A General Approach to Preprocessing Text Data

You can find the whole process from preprocessing to visualization in another post Analysis of Text: Tolstoy’s War and Peace if you are interested in looking at the whole source codes. In this post, we will discuss a general approach to preprocessing text data and look through python codes that use the NLTK (Natural Language TooKit) library. The following diagram shows the general idea of the preprocessing pipeline from text (e.g., books) to a list of words:

This pipeline can be more generalized to: Text -> Tokenization -> Normalization -> A list of words. Let’s look at details step by step.

Tokenization

Tokenization is a step that splits text into smaller pieces (also called tokens). For example, it splits a paragraph into sentences or a sentence into words. It is also referred to as text segmentation or lexical analysis.

import nltk

list_sent = nltk.sent_tokenize(paragraph)

This python code outputs a list of sentences from a paragraph. The following examples show the results (sentences and words) from tokenizing the first paragraph of Tolstoy’s War and Peace (http://www.gutenberg.org/ebooks/2600):

“Well, Prince, so Genoa and Lucca are now just family estates of the Buonapartes. But I warn you, if you don’t tell me that this means war, if you still try to defend the infamies and horrors perpetrated by that Antichrist—I really believe he is Antichrist—I will have nothing more to do with you and you are no longer my friend, no longer my ‘faithful slave,’ as you call yourself! But how do you do? I see I have frightened you—sit down and tell me all the news.”

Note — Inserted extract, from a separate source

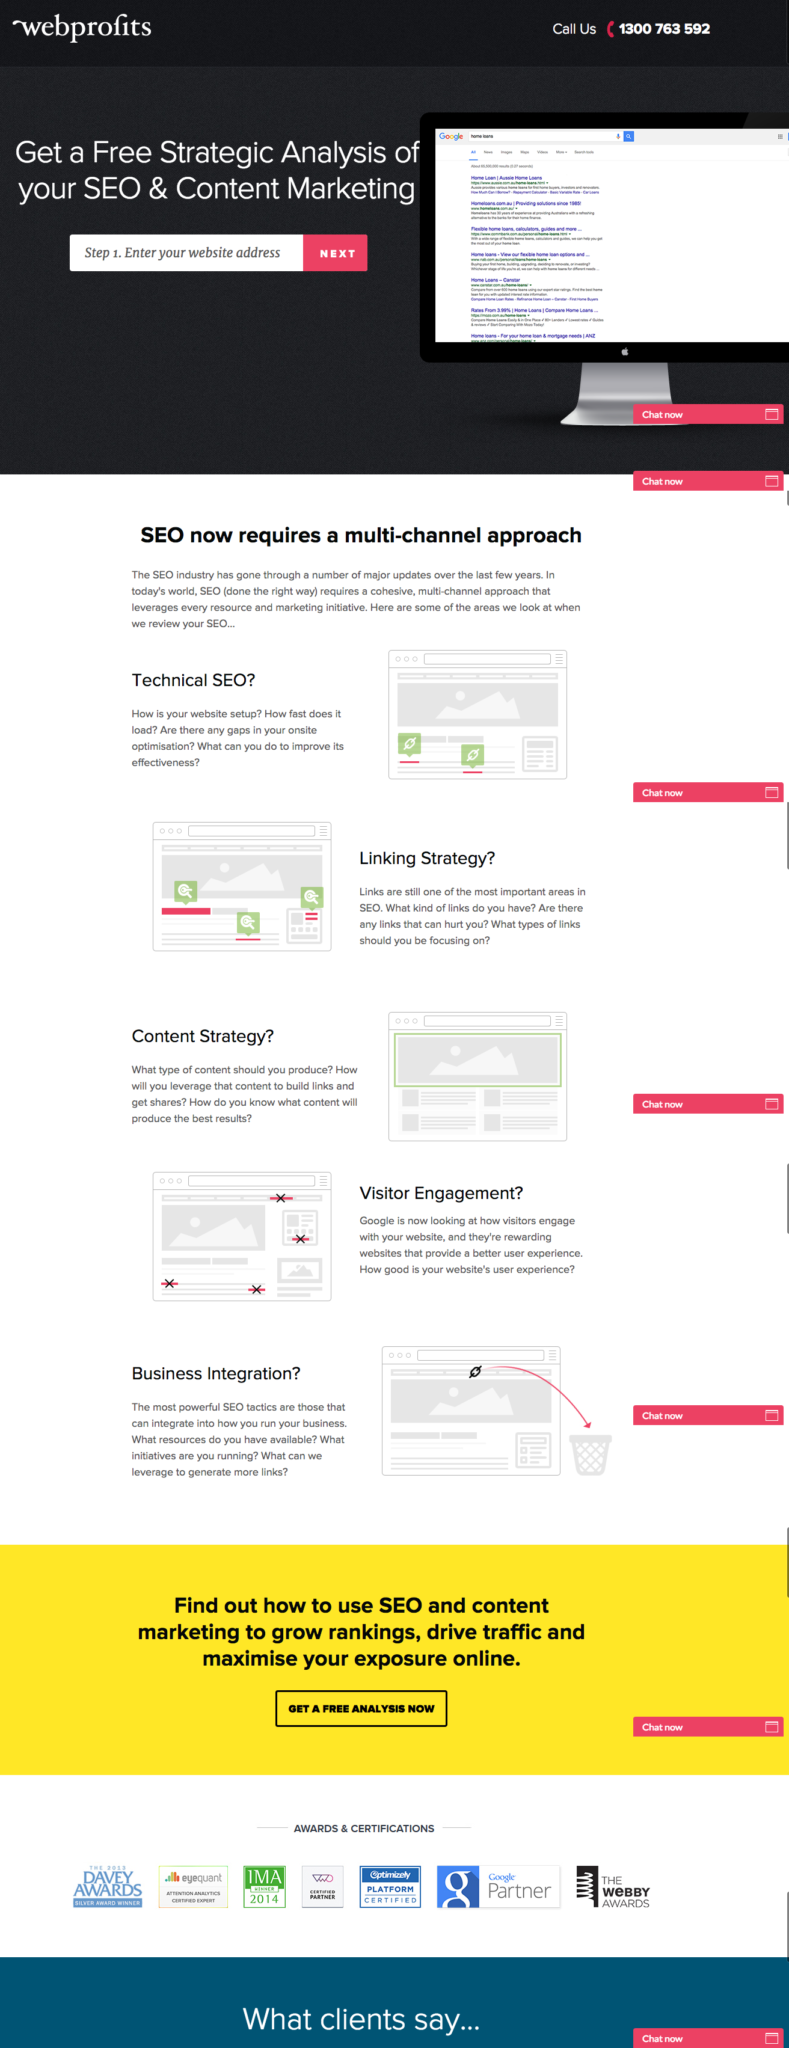 campagne con landing pages di successo: Webprofits

The list of output sentences:

['“Well, Prince, so Genoa and Lucca are now just family estates of the Buonapartes.', 'But I warn you, if you don’t tell me that this means war, if you still try to defend the infamies and horrors perpetrated by that Antichrist—I really believe he is Antichrist—I will have nothing more to do with you and you are no longer my friend, no longer my ‘faithful slave,’ as you call yourself!', 'But how do you do?', 'I see I have frightened you—sit down and tell me all the news.”']
from nltk.tokenize import RegexpTokenizer
tokenizer = RegexpTokenizer(r'\w+') # This is to remove special characters

words = tokenizer.tokenize(sent)

The tokenized word list (also special characters were removed) from the first sentence:

['Well', 'Prince', 'so', 'Genoa', 'and', 'Lucca', 'are', 'now', 'just', 'family', 'estates', 'of', 'the', 'Buonapartes']

Normalization

Before analyzing text, we need to normalize the words. If we do not normalize them, the word ‘Family’ and ‘family’ might be treated as different words. Also, you might want to treat ‘better’ and ‘good’ words as the same word. It depends on your purpose. There are most common normalization approaches to consider:

  • convert all characters to lowercase
  • remove stop words
  • remove numbers, or convert them to strings
  • stemming
  • lemmatization

The following codes are for converting characters to lowercase and removing stop words:

def to_lowercase(words):
new_words = []
for word in words:
new_words.append(word.lower())
return new_words
from nltk.corpus import stopwords
stopWords = set(stopwords.words('english'))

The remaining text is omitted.